Vocabulary expansion provides substantial compression on targeted scripts (higher compression ratio means fewer tokens per sentence).

| Language | Added tokens | Old compression ratio | New compression ratio | Speedup |
| --- | --- | --- | --- | --- |
| Khmer | 3712 | 0.85 | 3.49 | 4.09x |
| Lao | 3359 | 0.85 | 3.05 | 3.59x |
| Myanmar | 3226 | 0.69 | 2.87 | 4.17x |
| Thai | 2958 | 1.79 | 2.97 | 1.66x |
| Tibetan | 3920 | 0.75 | 4.03 | 5.39x |

- Khmer passages shrink from 402 tokens to 103 tokens in the running example used in the paper.
- Compression gains translate into lower latency and memory cost during decoding for low-resource scripts.

### Constraint Reliability (RLVR)

RLVR introduces deterministic checks that reduce failure modes compared with general chat models and MT baselines.
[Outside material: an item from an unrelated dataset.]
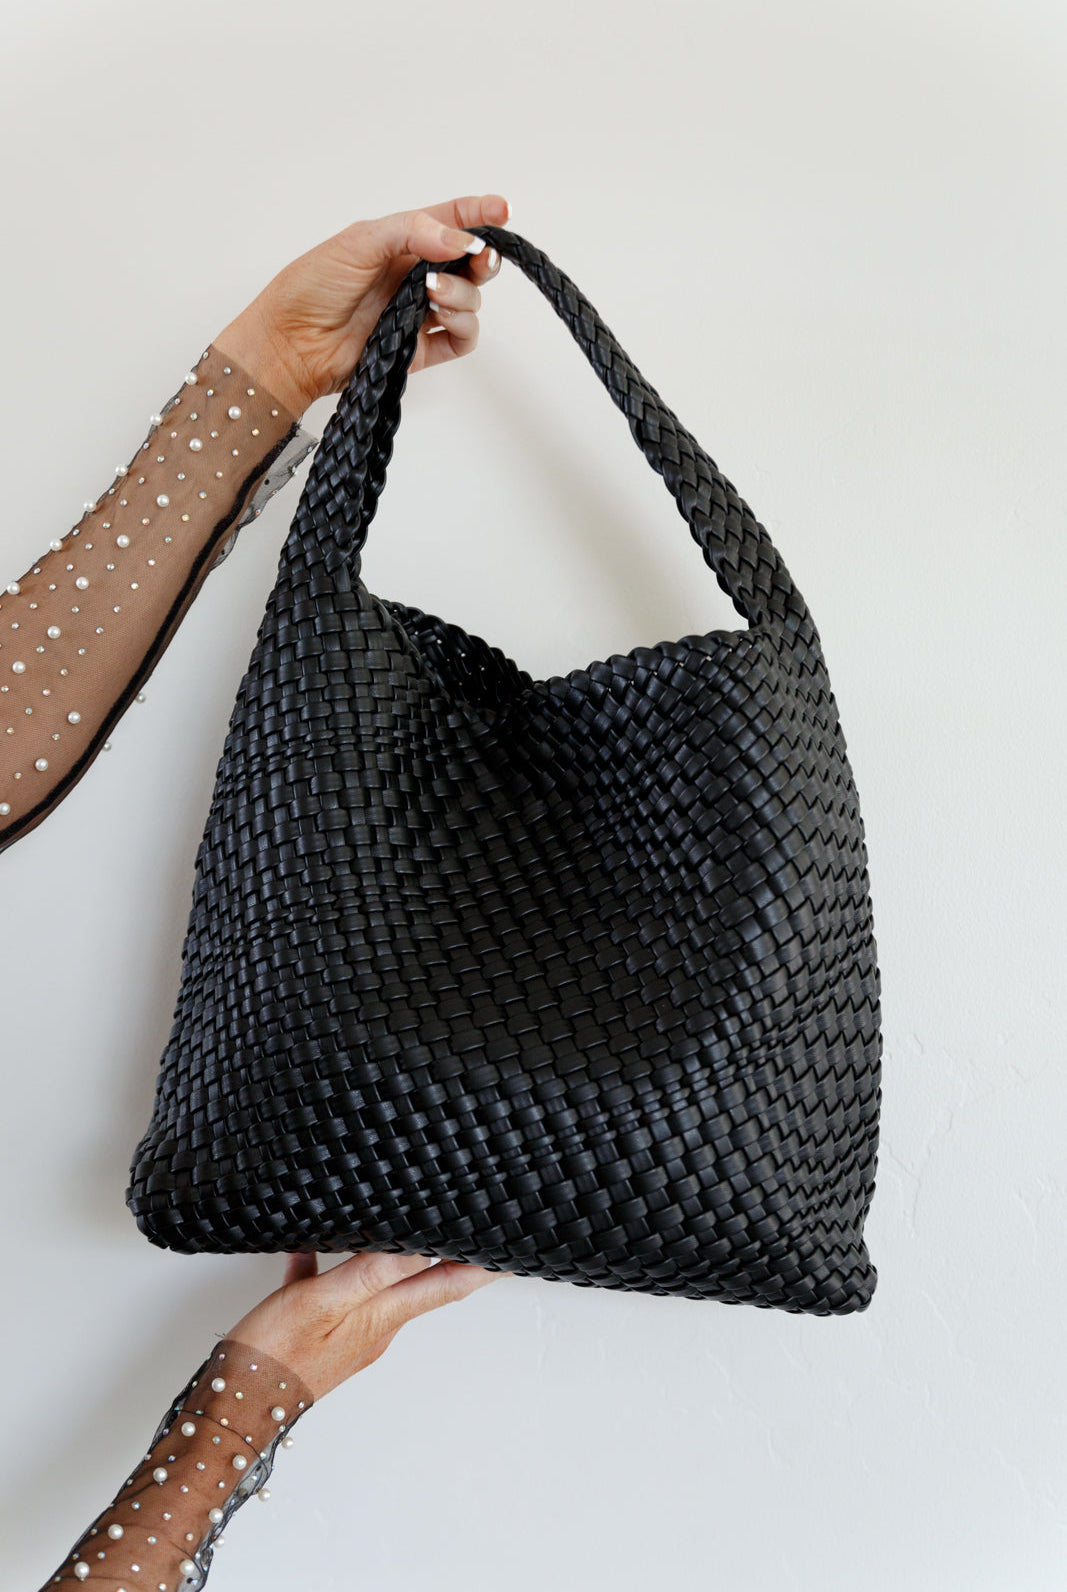 Woven and Worn Tote in Black-Accessories- Simply Simpson's Boutique is a Women's Online Fashion Boutique Located in Jupiter, Florida

| Model | Language targeting | Length control | Format preservation | Code mixing | Overall |
| --- | --- | --- | --- | --- | --- |
| **Light-TLLM-7B-RL** | **97.8** | 99.2 | **92.15** | 92.3 | **95.3** |
| Qwen2.5-7B-Instruct | 92.0 | 97.0 | 51.8 | 62.8 | 75.9 |
| Gemma3-27B-IT | 97.4 | 91.6 | 42.1 | 90.9 | 80.5 |
| Qwen-MT-Plus | 97.6 | **99.8** | 82.5 | 94.8 | 93.6 |
| Seed-X-PPO-7B | 97.6 | 79.8 | 79.0 | 90.3 | 86.6 |
| DeepSeek-V3 | 95.4 | 95.7 | 67.6 | 95.0 | 88.4 |
| Hunyuan-MT-7B | 91.8 | 90.7 | 71.1 | **96.2** | 87.4 |

- Format retention jumps to 92.15 percent versus 51.8 percent for Qwen2.5-7B-Instruct, mitigating HTML or Markdown corruption.
- Language targeting stays above 97 percent while MtPO avoids verbosity by normalizing advantages at the microbatch level.
- Overall pass rate reaches 95.3 percent, surpassing Qwen2.5-7B-Instruct by 19.4 points, DeepSeek-V3 by 6.9 points, and Qwen-MT-Plus by 1.7 points despite identical constraint settings.
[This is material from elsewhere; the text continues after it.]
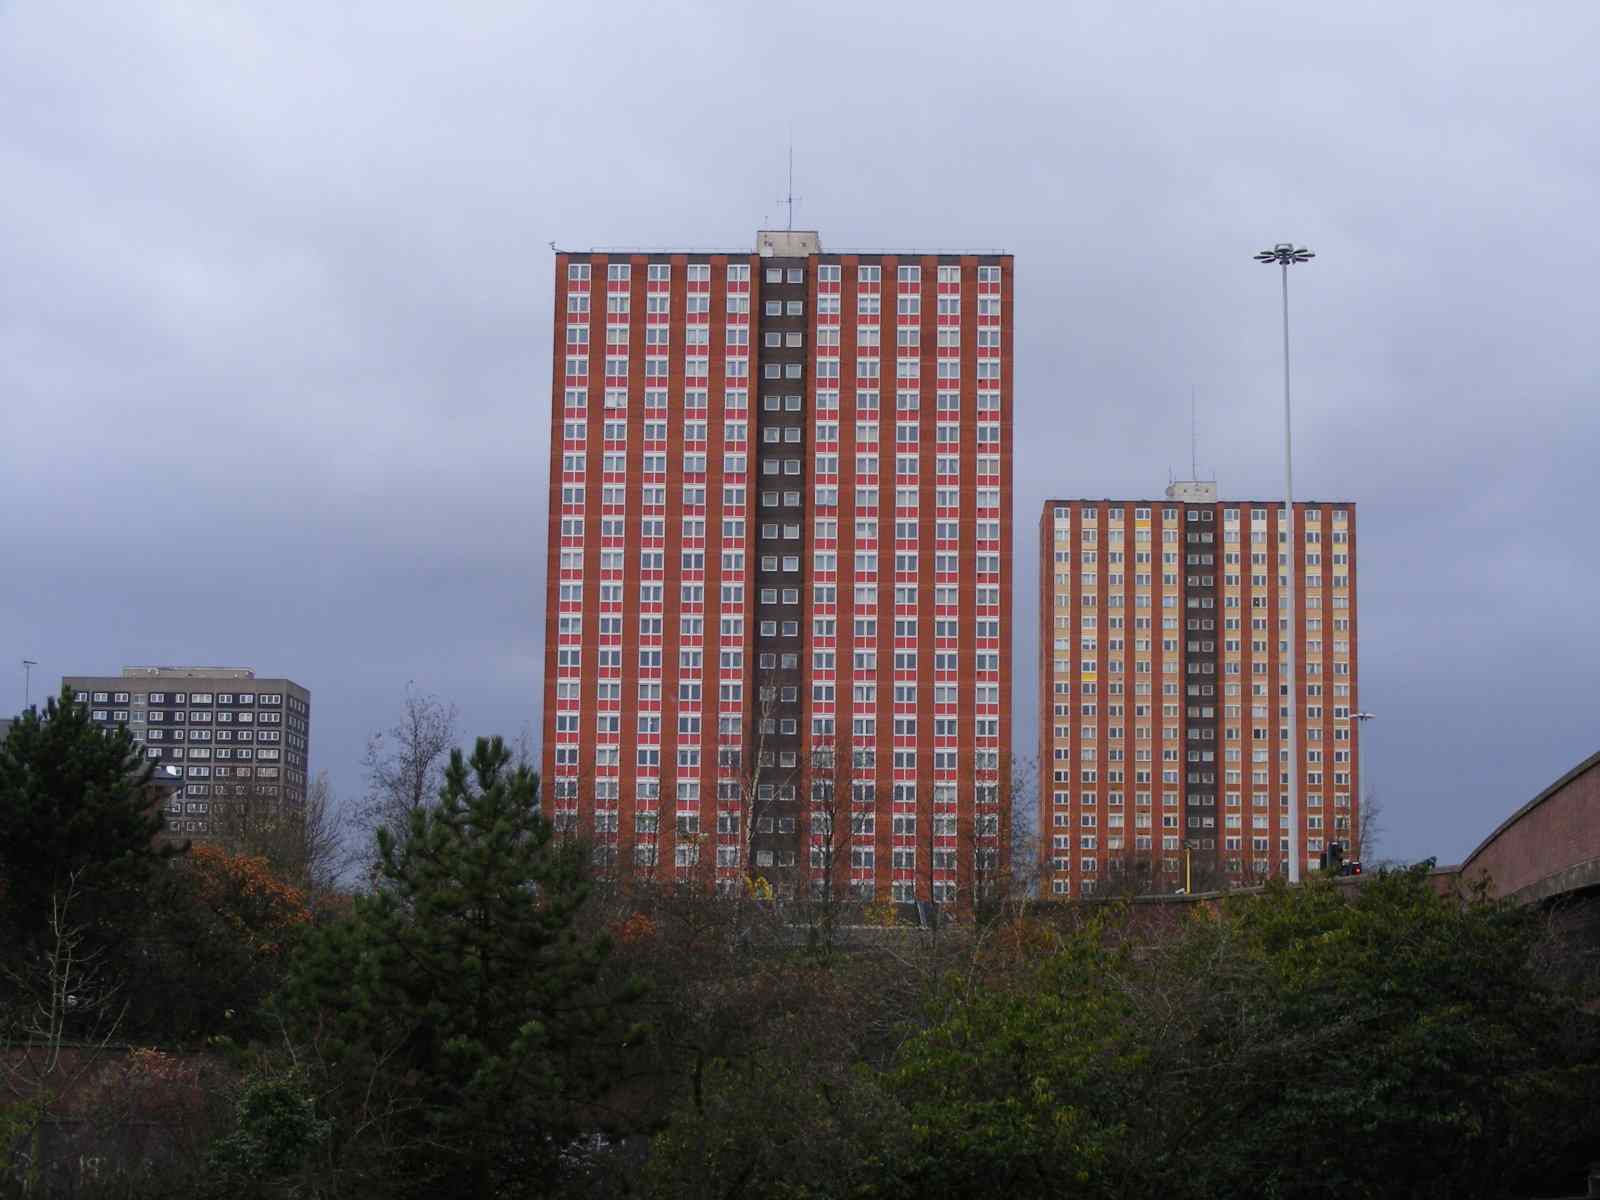 chris saggers fell off washing windows from the salford tower block.

### Per-Language FLORES Highlights

- **English->Thai:** 34.1 BLEU, +1.5 over Qwen-MT-Plus.
- **English->Myanmar:** 12.9 BLEU with stable length control.
- **English->Filipino:** 35.4 BLEU after MtPO, combining instruction fidelity and translation quality.
- **Khmer->English:** 44.7 BLEU, reflecting gains from tokenizer expansion.
- **Vietnamese->English:** 37.6 BLEU with consistent improvements across ASEAN language pairs.

## Citation

If you find our work helpful, feel free to give us a cite.

```
@inproceedings{liu2026mtpo,
    title = {Light-TLLM-7B},
    author = {Light-MT Team},
    booktitle = {International Conference on Learning Representations},
    year = {2025},
    url = {https://huggingface.co/qihoo360/Light-TLLM-7B}
}
```

## Disclaimer

This model is provided for research and educational purposes. Please ensure responsible use and compliance with applicable laws and regulations when using this model.